At any rate: once you have the line in line, you can easily separate it into the two fields:

std::string::const_iterator pivot = std::find( line.cbegin(), line.cend(), ',' ); 

What you do then depends on what your criterion is:

if ( pivot - line.cbegin() == search_str.size() && std::equal( line.cbegin(), pivot, search_str.begin() ) ) { // Exact match on first field... std::cout << std::string( std::next( pivot ), line.cend() ); } if ( std::search( line.cbegin(), pivot, search_str.begin(), search_str.end() ) != pivot ) { // Matches substring in first field... std::cout << std::string( std::next( pivot ), line.cend() ); } if ( std::search( line.cbegin(), line.cend(), search_str.begin(), search_str.end() ) != line.cend() ) { // Matches substring in complete line... std::cout << std::string( std::next( pivot ), line.end() ); } } 

Of course, you'll need some additional error checking. What should you do if there isn't a comma in the line (e.g. pivot == line.end()), for example? Or what about extra spaces in the line. (Your example looks like numbers.
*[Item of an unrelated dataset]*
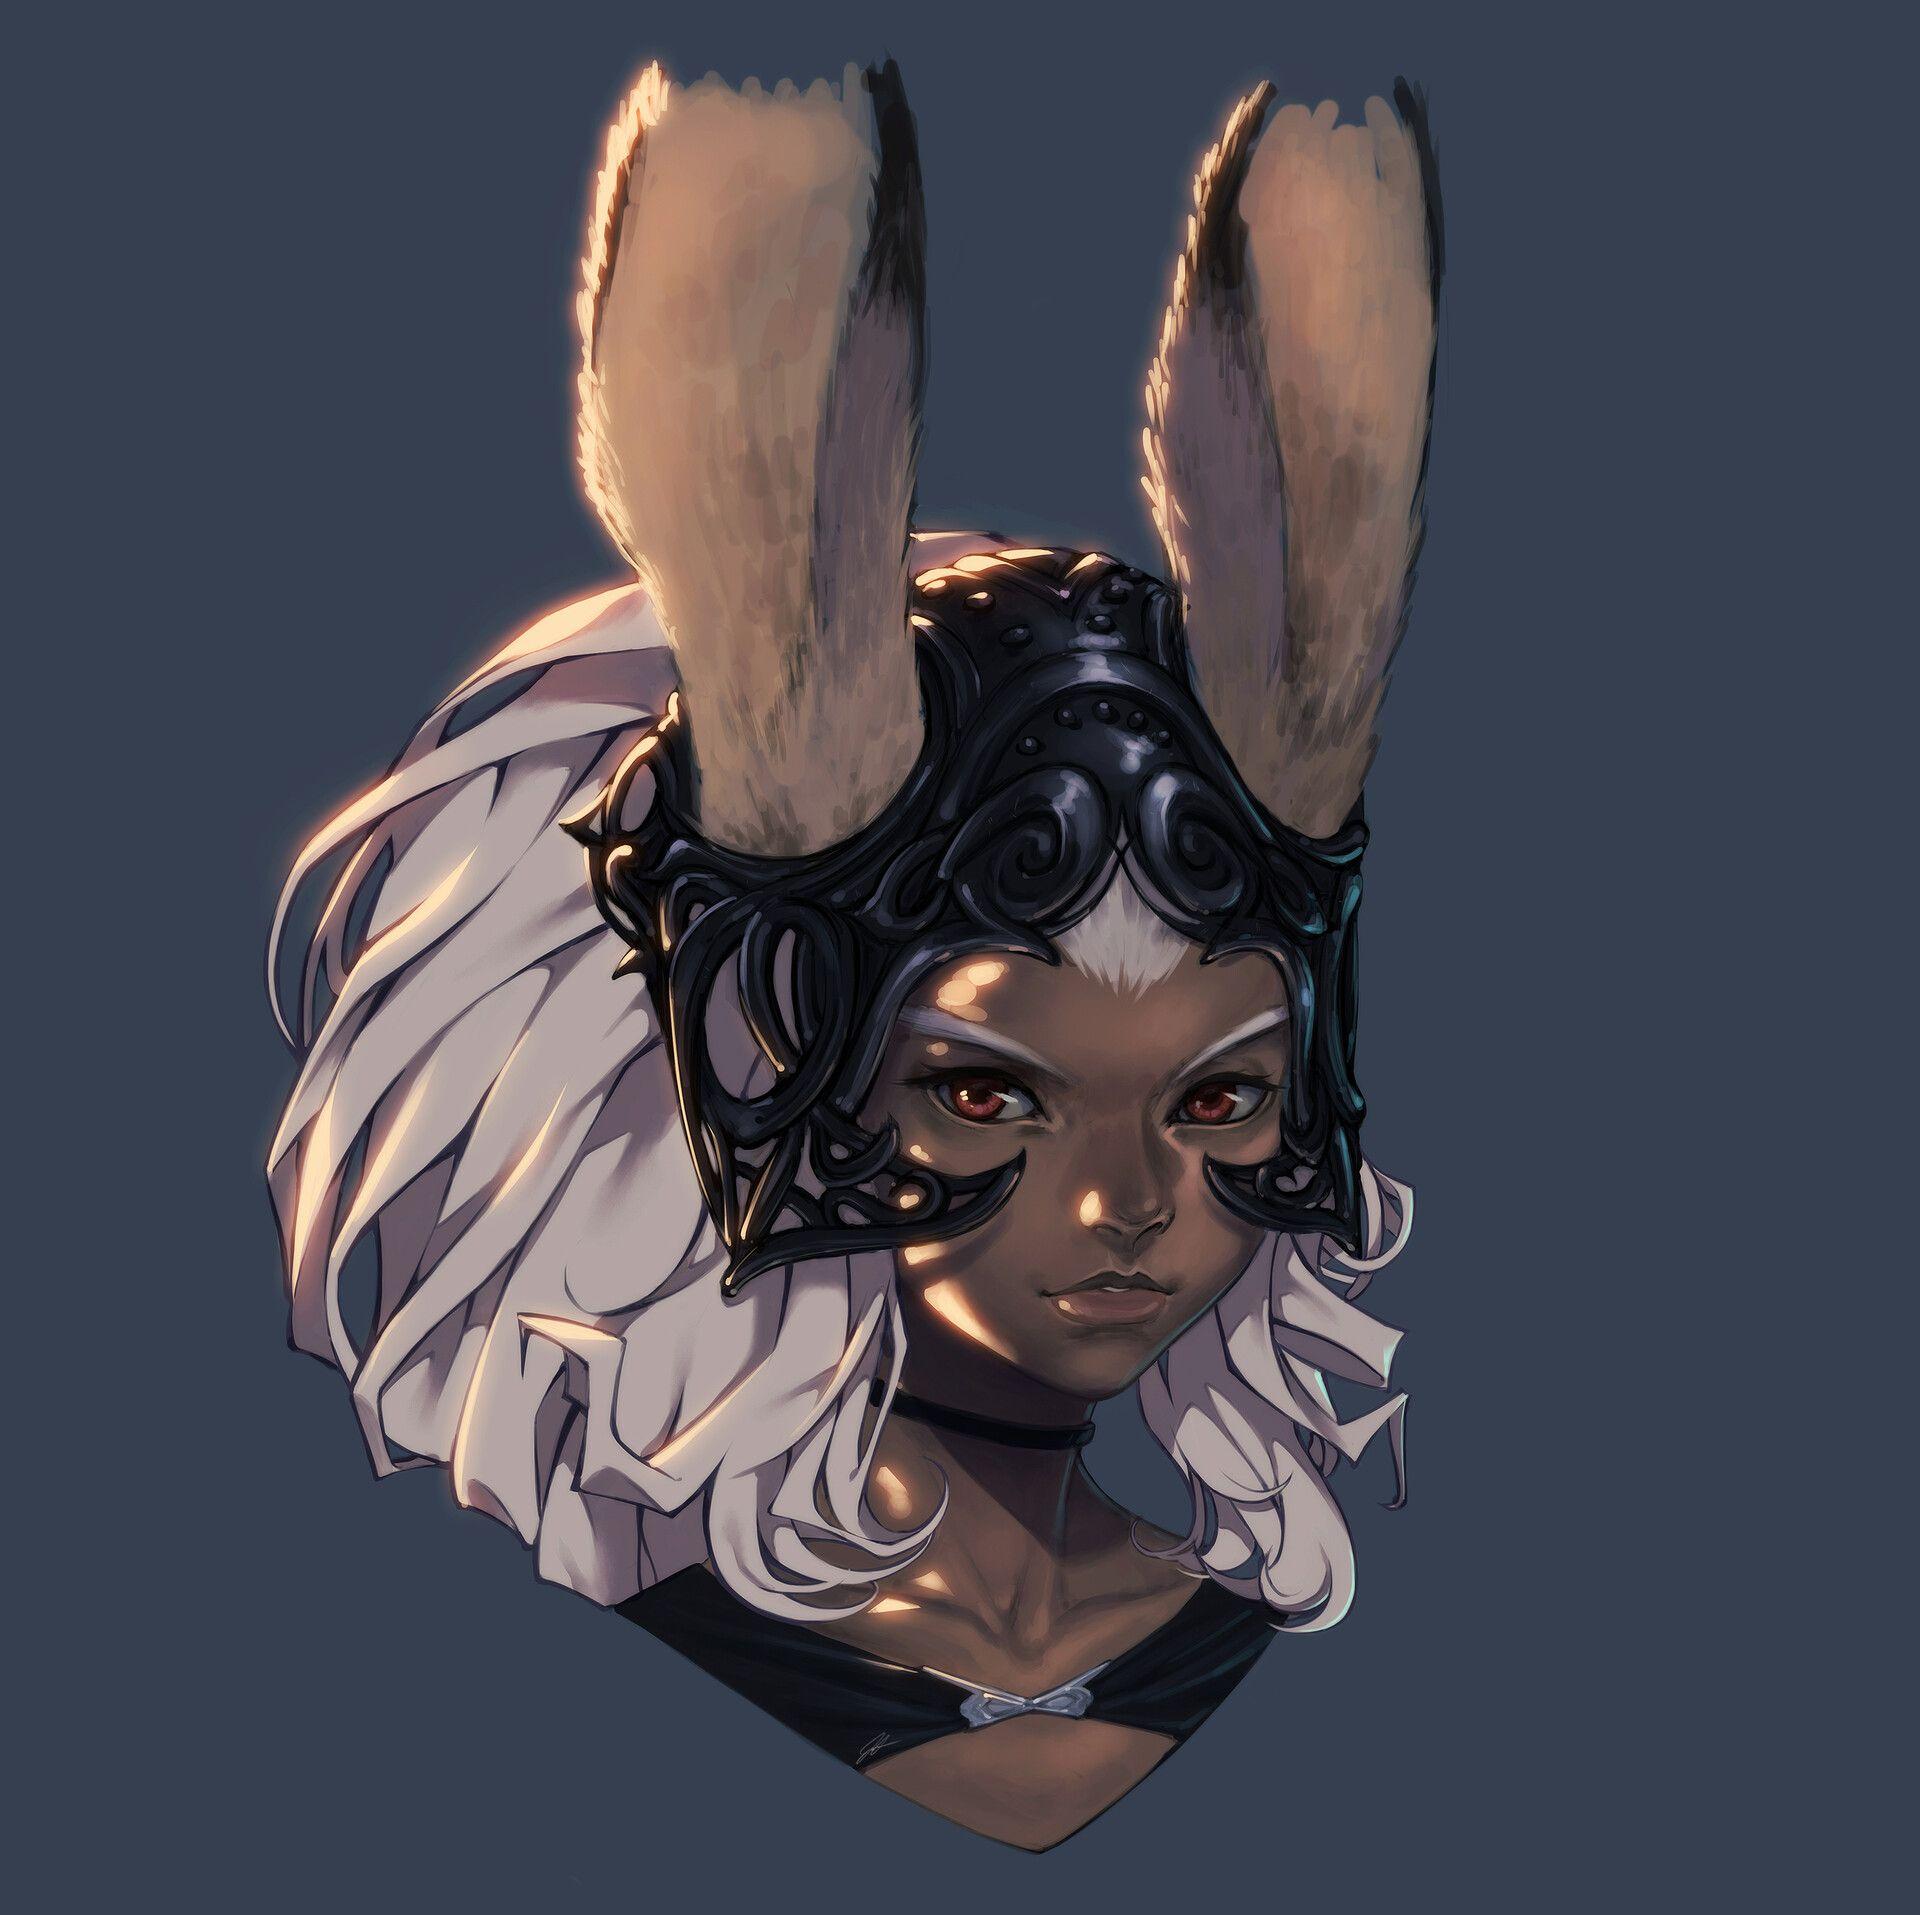 Final Fantasy XII Fran by ch-peralta on DeviantArt

Should "401" match only "401", or also "+401"?)

Before going any further, you should very carefully specify exactly what the code should do, for all possible inputs. (For most possible inputs, of course, the answer will probably be: output an error message with the line number to std::cerr and continue. Being sure to return EXIT_FAILURE in such a case.)

6 Comments

Superb! James its one value as input and its associated RHS as output, one more thing any/ all input values are unique. Can you please put it in my code, I am getting lots of errors even though I include algorithm.h
What kind of errors? Except for an obvious typo, the only problem I encounter is that the compiler cannot instantiate std::equals, because pivot is a const_iterator, but line.begin() is non-const. You can correct this in several ways: in C++11, either make pivot auto (so it will be a non-const iterator), or use cbegin() and cend() everywhere on line, once you've read it. In pre C++11, the simplest is to declare pivot as a non-const iterator (or since you're going to be using line.begin() several times, you can save it in a const_iterator, and use that.
I've edited to answer to reflect the necessary fixes so that it compiles and works (for me).
Thanks! I am on Linux Env and using NetBeans IDE, I presume std::next is been included in iterator.h I've included that, but still - unable to resolve identifier 'next'
Well I've got 2 errors: Error-1: main.cpp:25: error: no matching function for call to ‘equal(__gnu_cxx::__normal_iterator<char*, std::basic_string<char, std::char_traits<char>, std::allocator<char> > >, __gnu_cxx::__normal_iterator<const char*, std::basic_string<char, std::char_traits<char>, std::allocator<char> > >&, __gnu_cxx::__normal_iterator<char*, std::basic_string<char, std::char_traits<char>, std::allocator<char> > >)’ Error-2: main.cpp:28: error: ‘next’ is not a member of ‘std’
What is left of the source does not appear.